(Information shown Opens)

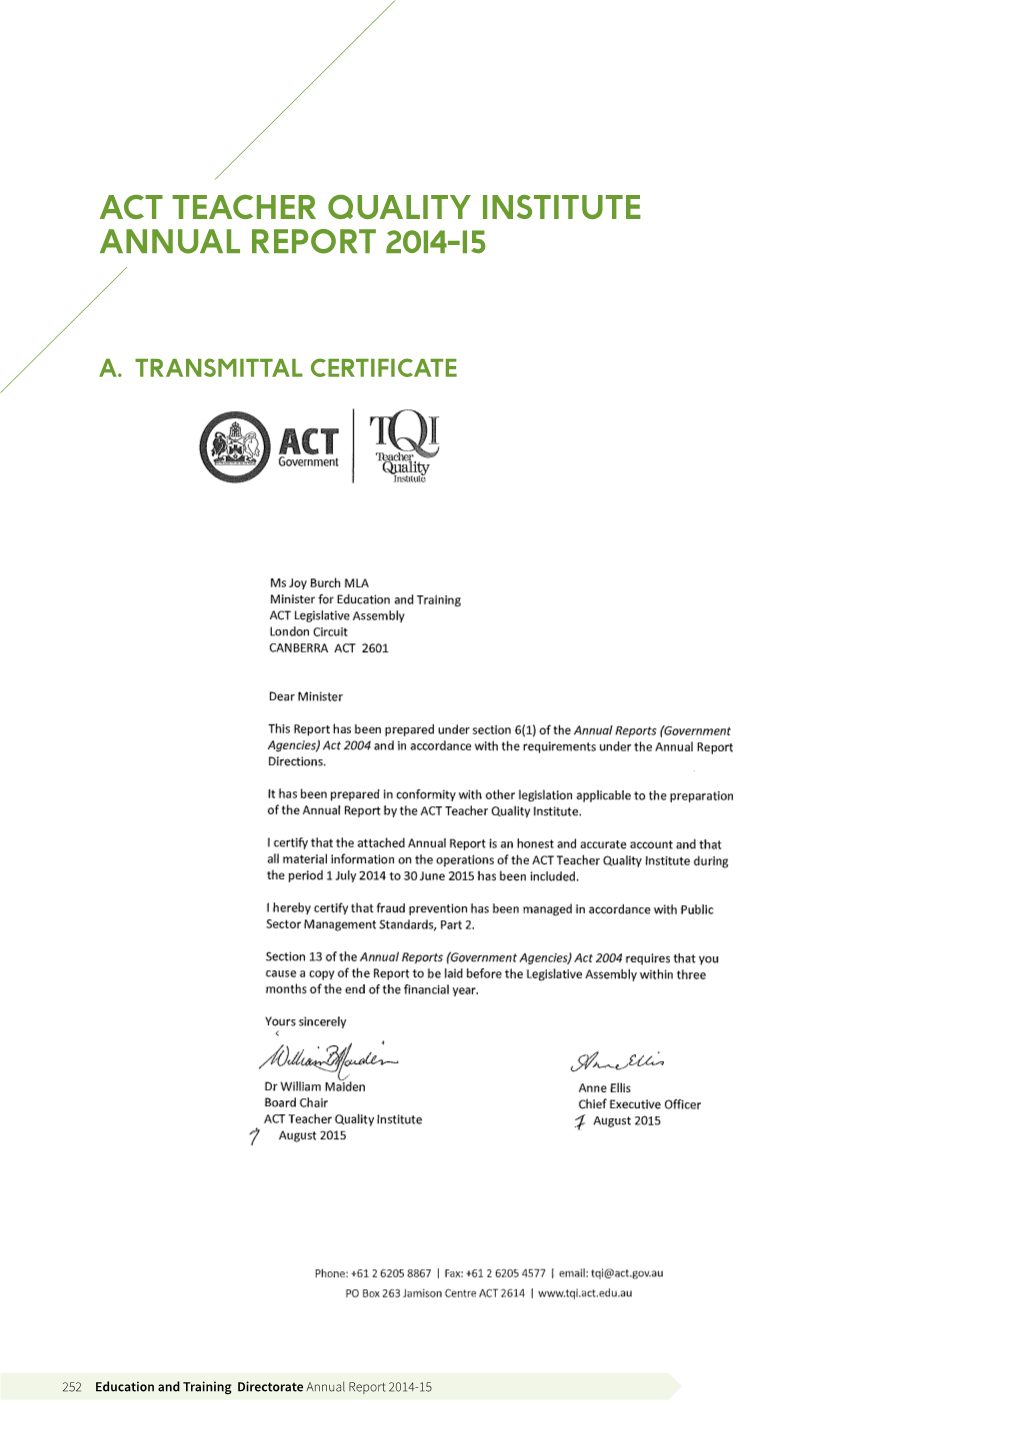 TQI Annual Report 2014-15
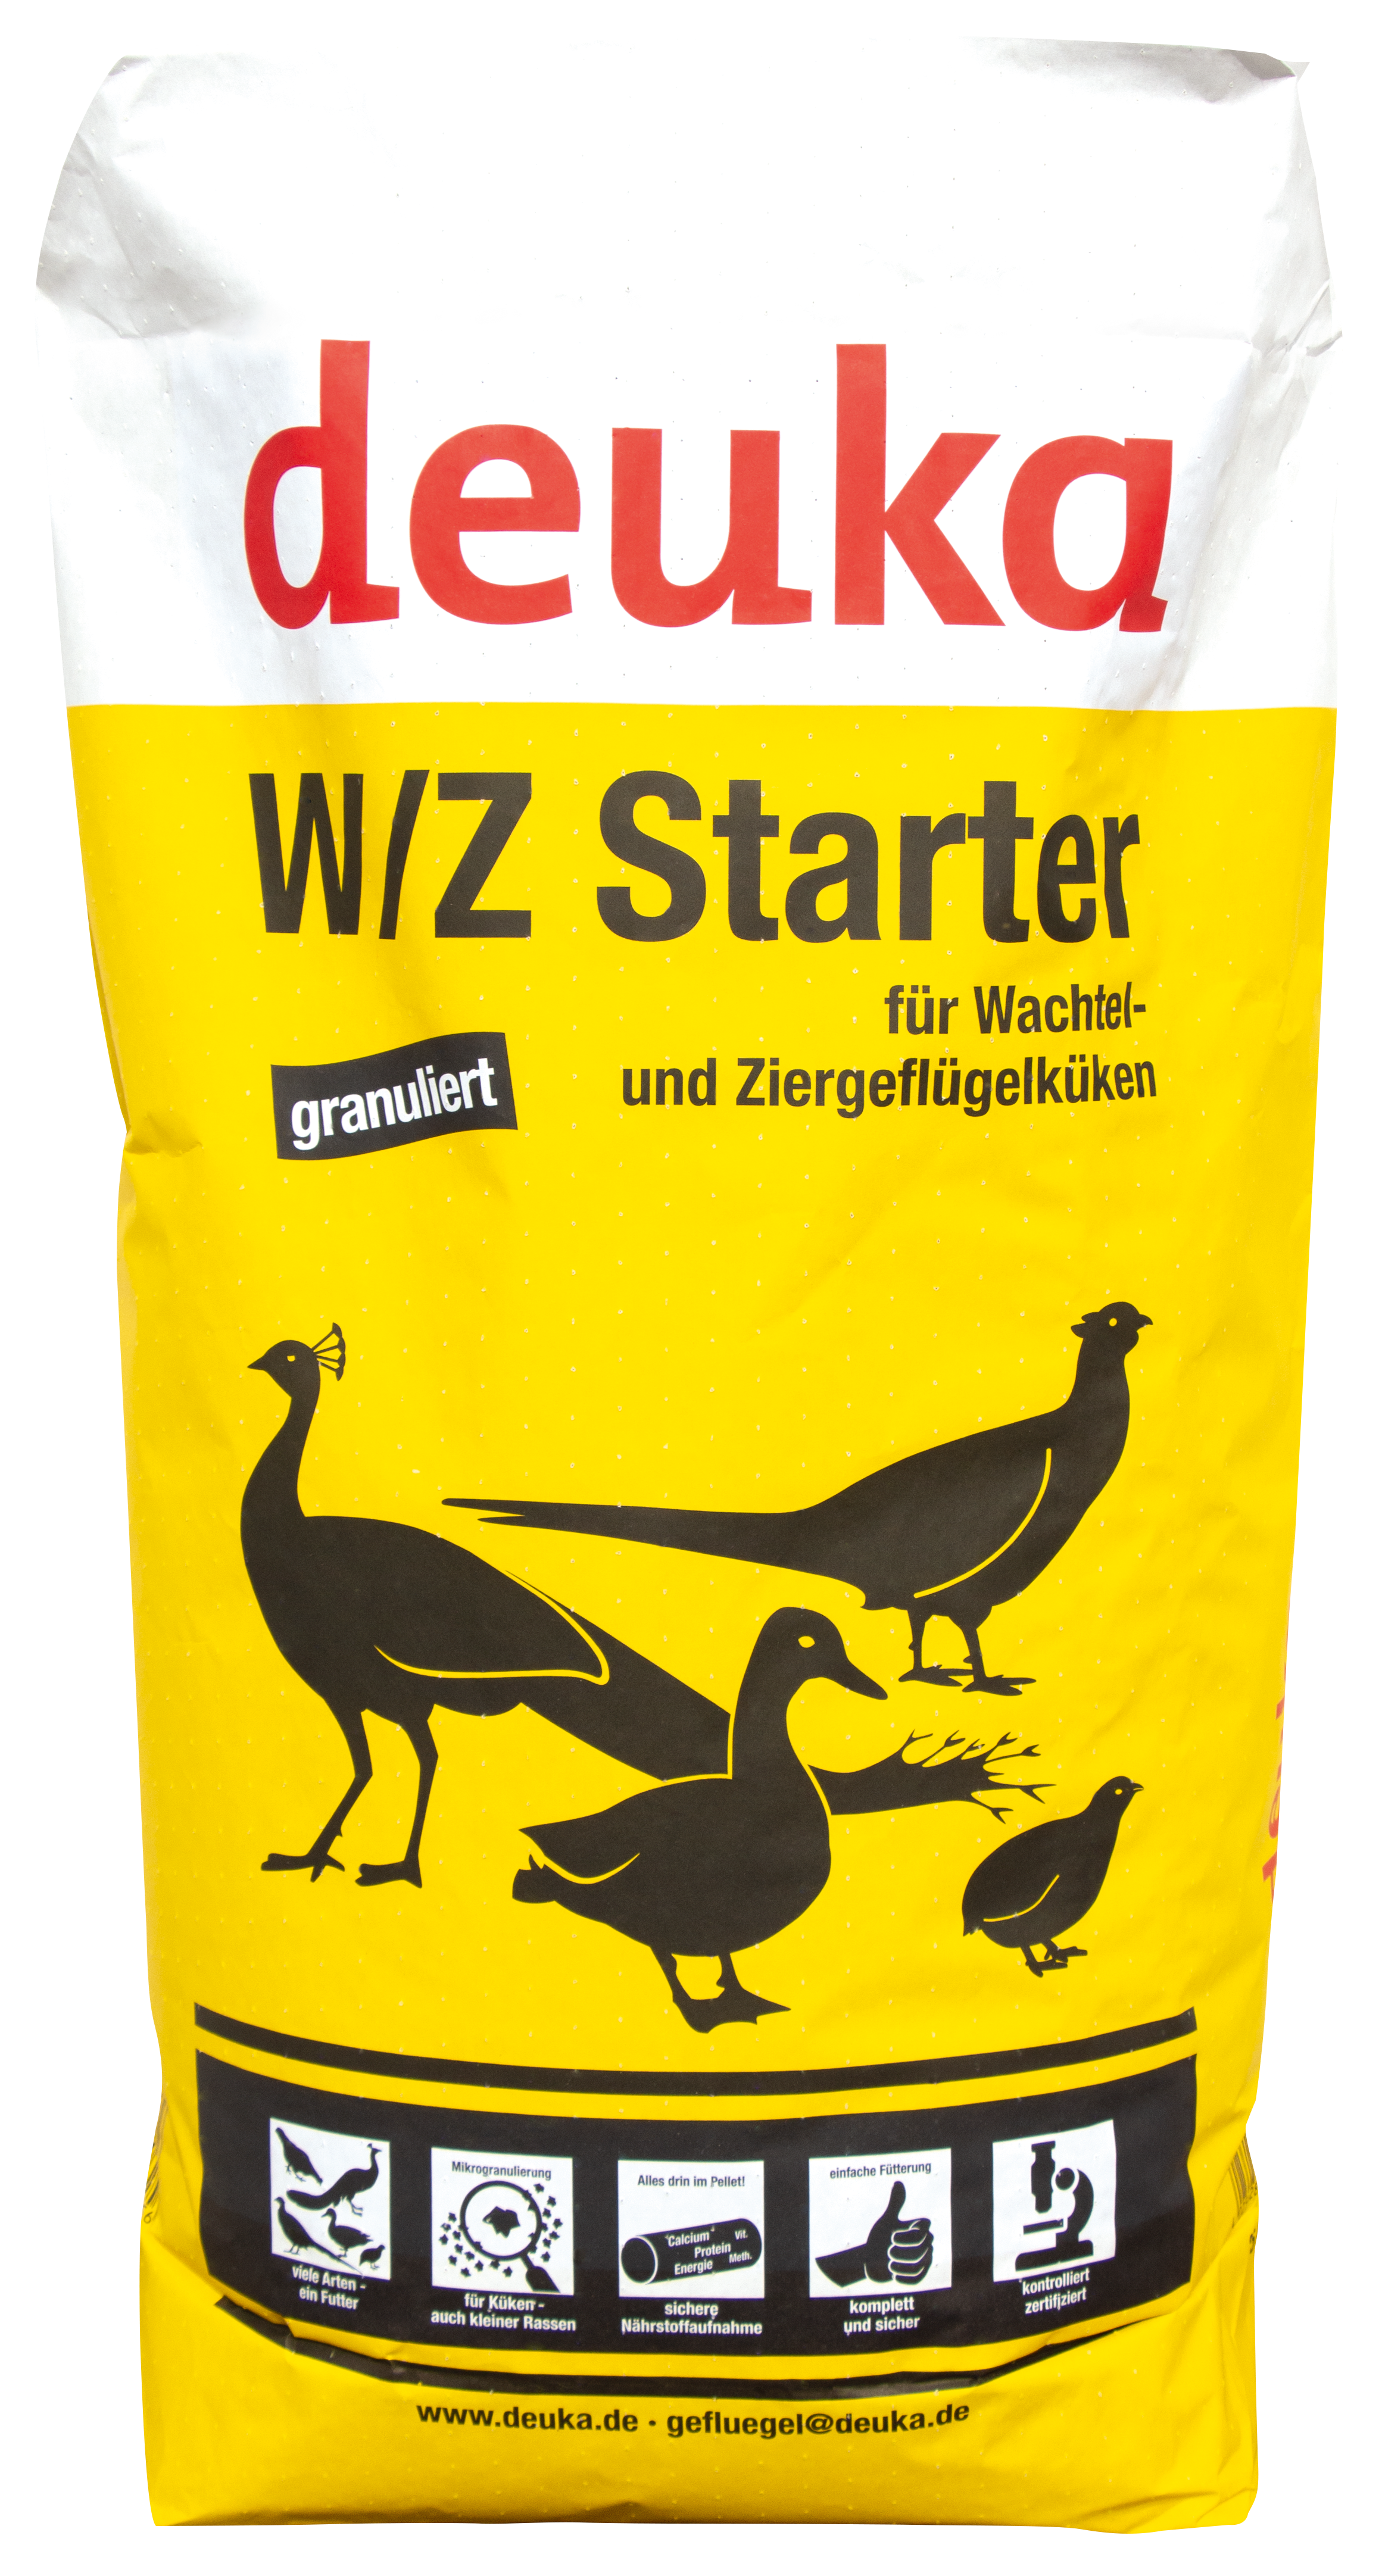 deuka W/Z Starter
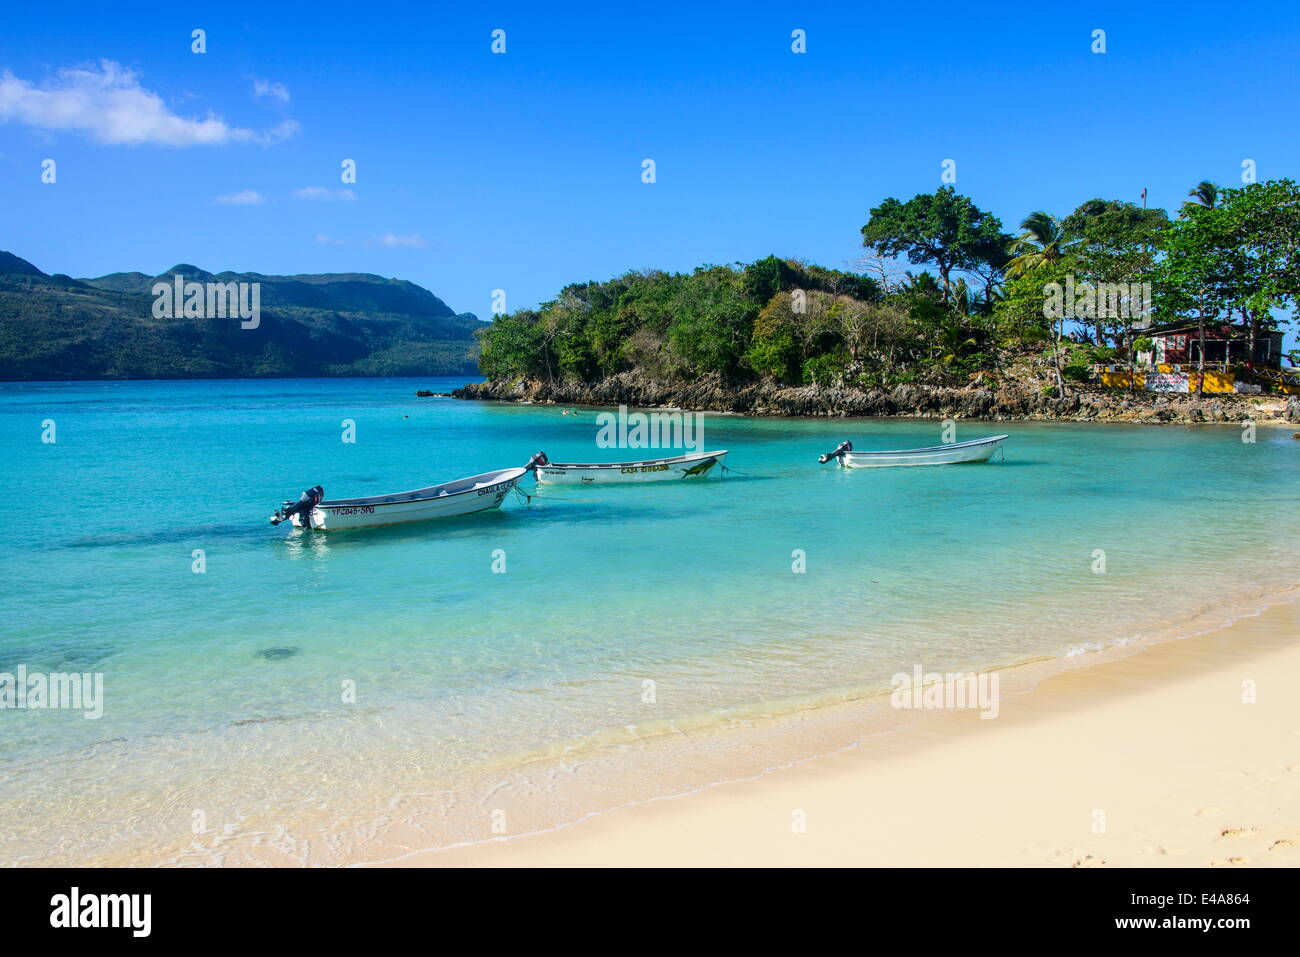 Playa Rincon, Las Galeras, Semana peninsula, Dominican Republic, West Indies, Caribbean, Central America Stock Photo

(Information shown Closes)

Task requirements: A verbatim transcription of the listing is expected, with no pictures included.

Result:
 TQI Annual Report 2014-15
 deuka W/Z Starter
 Playa Rincon, Las Galeras, Semana peninsula, Dominican Republic, West Indies, Caribbean, Central America Stock Photo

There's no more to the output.